**REQUIRED WORK:** The following data has a line with "ETT Eco Black/Gold" and a line with "Freeman-logo_primary-standard_CMYK (1) (1)". Write out exactly those lines and all the lines between them.

**STUDY MATERIAL:**

[Start of Attachment]

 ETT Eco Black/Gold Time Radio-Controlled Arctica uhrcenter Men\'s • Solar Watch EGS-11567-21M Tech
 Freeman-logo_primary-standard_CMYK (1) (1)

[End of Attachment]
[Start of Attachment]

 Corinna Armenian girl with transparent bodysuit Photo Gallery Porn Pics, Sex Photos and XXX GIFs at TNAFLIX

[End of Attachment]
[Start of Attachment]

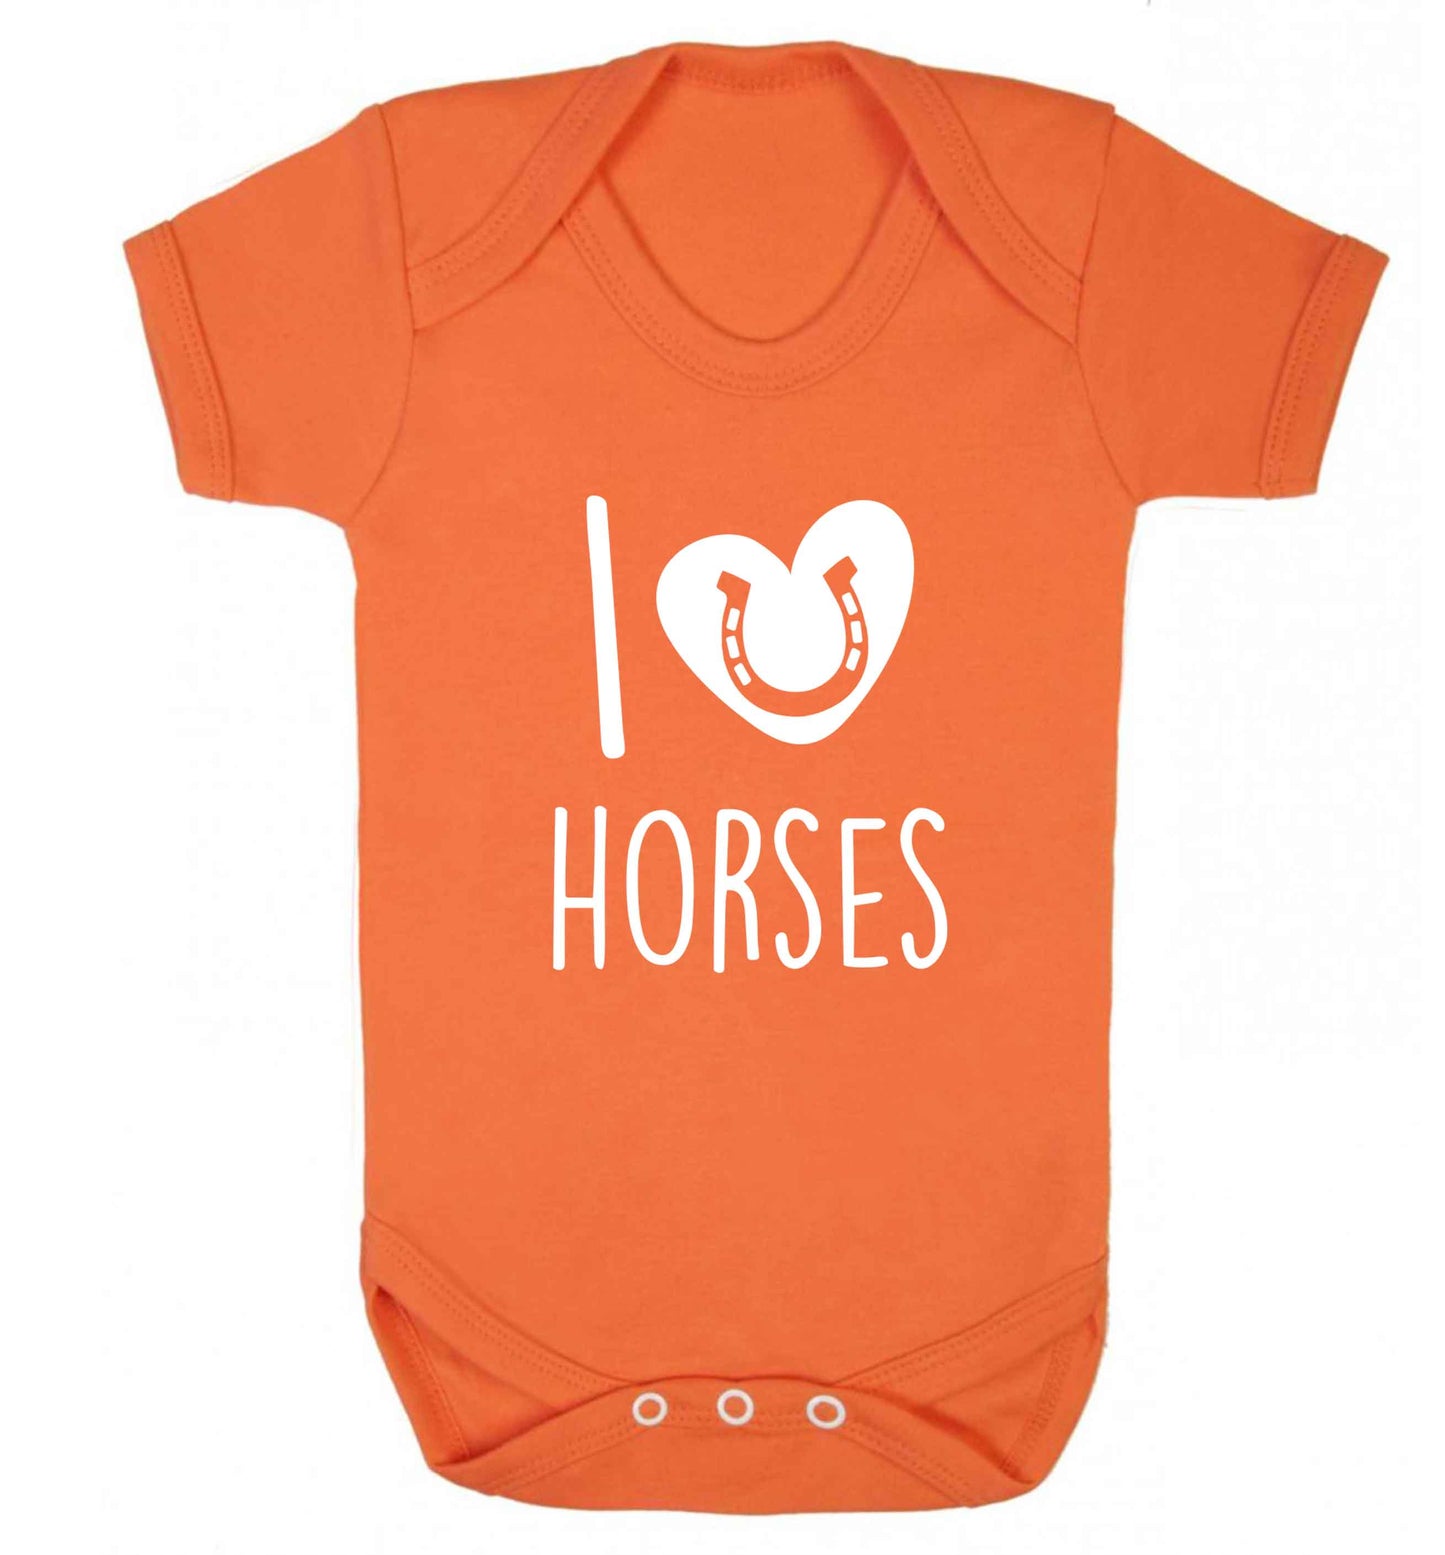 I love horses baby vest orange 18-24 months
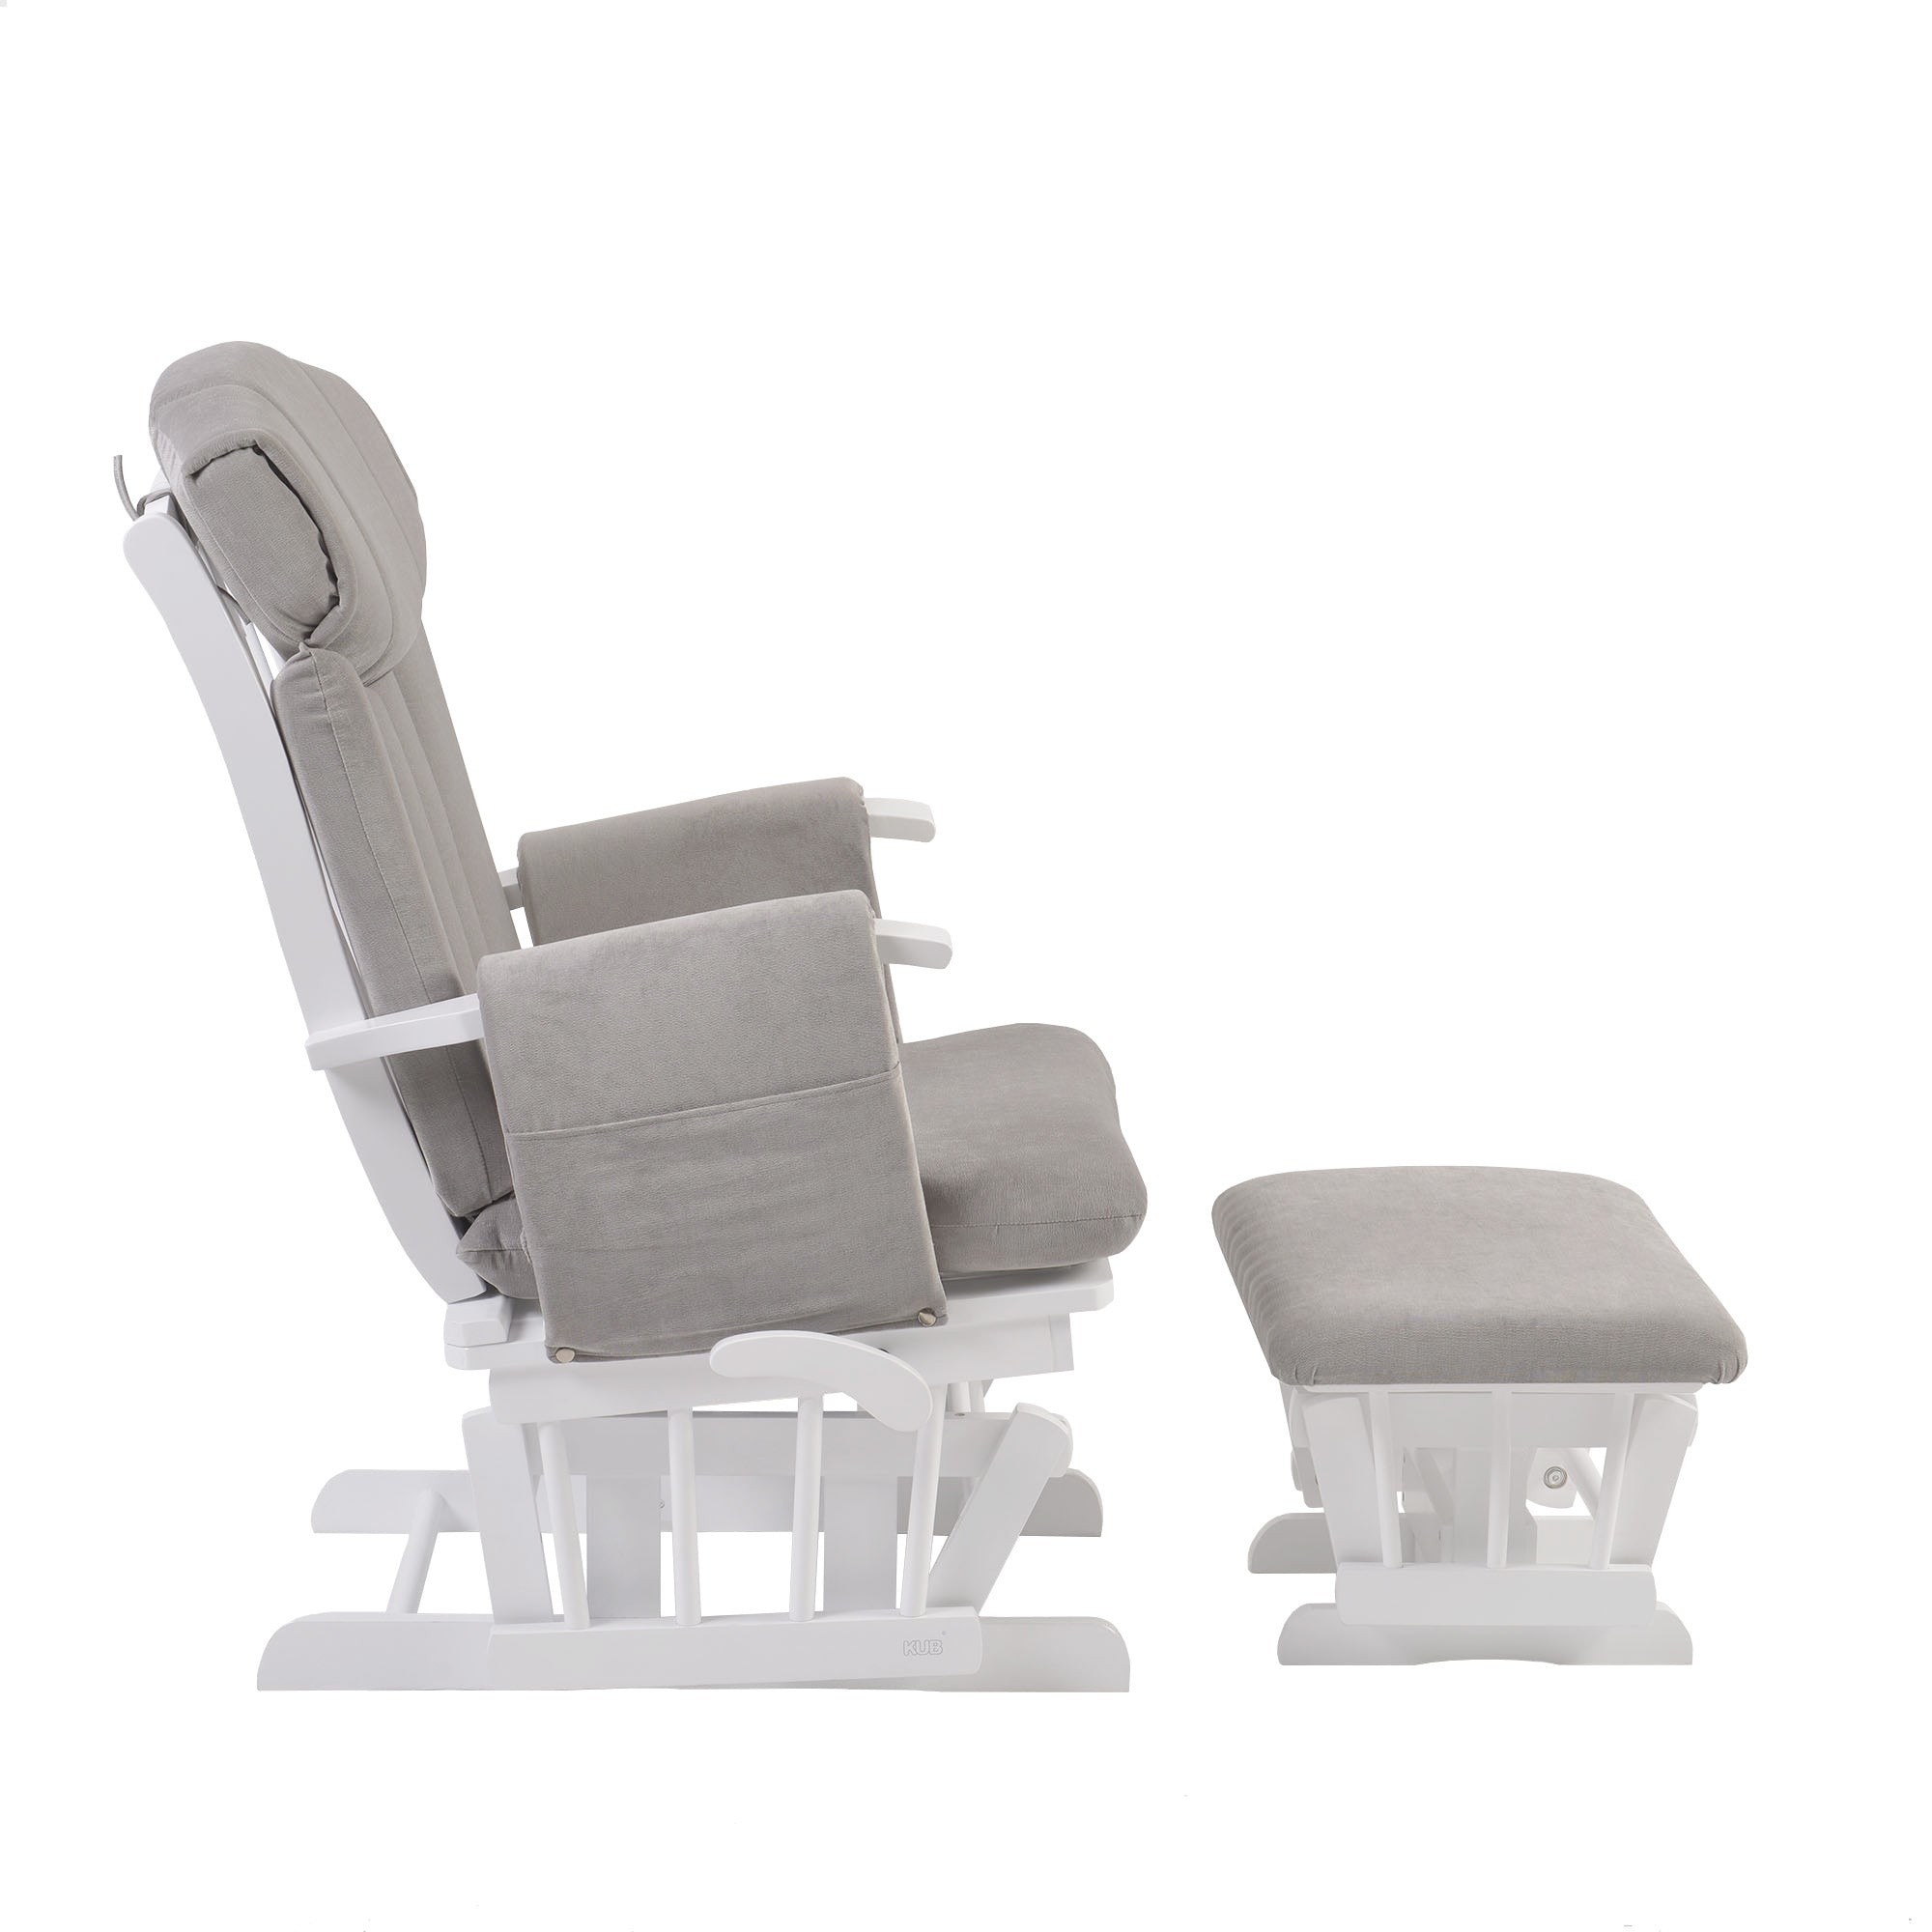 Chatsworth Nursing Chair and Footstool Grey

[End of Attachment]

**SOLUTION:**
 ETT Eco Black/Gold Time Radio-Controlled Arctica uhrcenter Men\'s • Solar Watch EGS-11567-21M Tech
 Freeman-logo_primary-standard_CMYK (1) (1)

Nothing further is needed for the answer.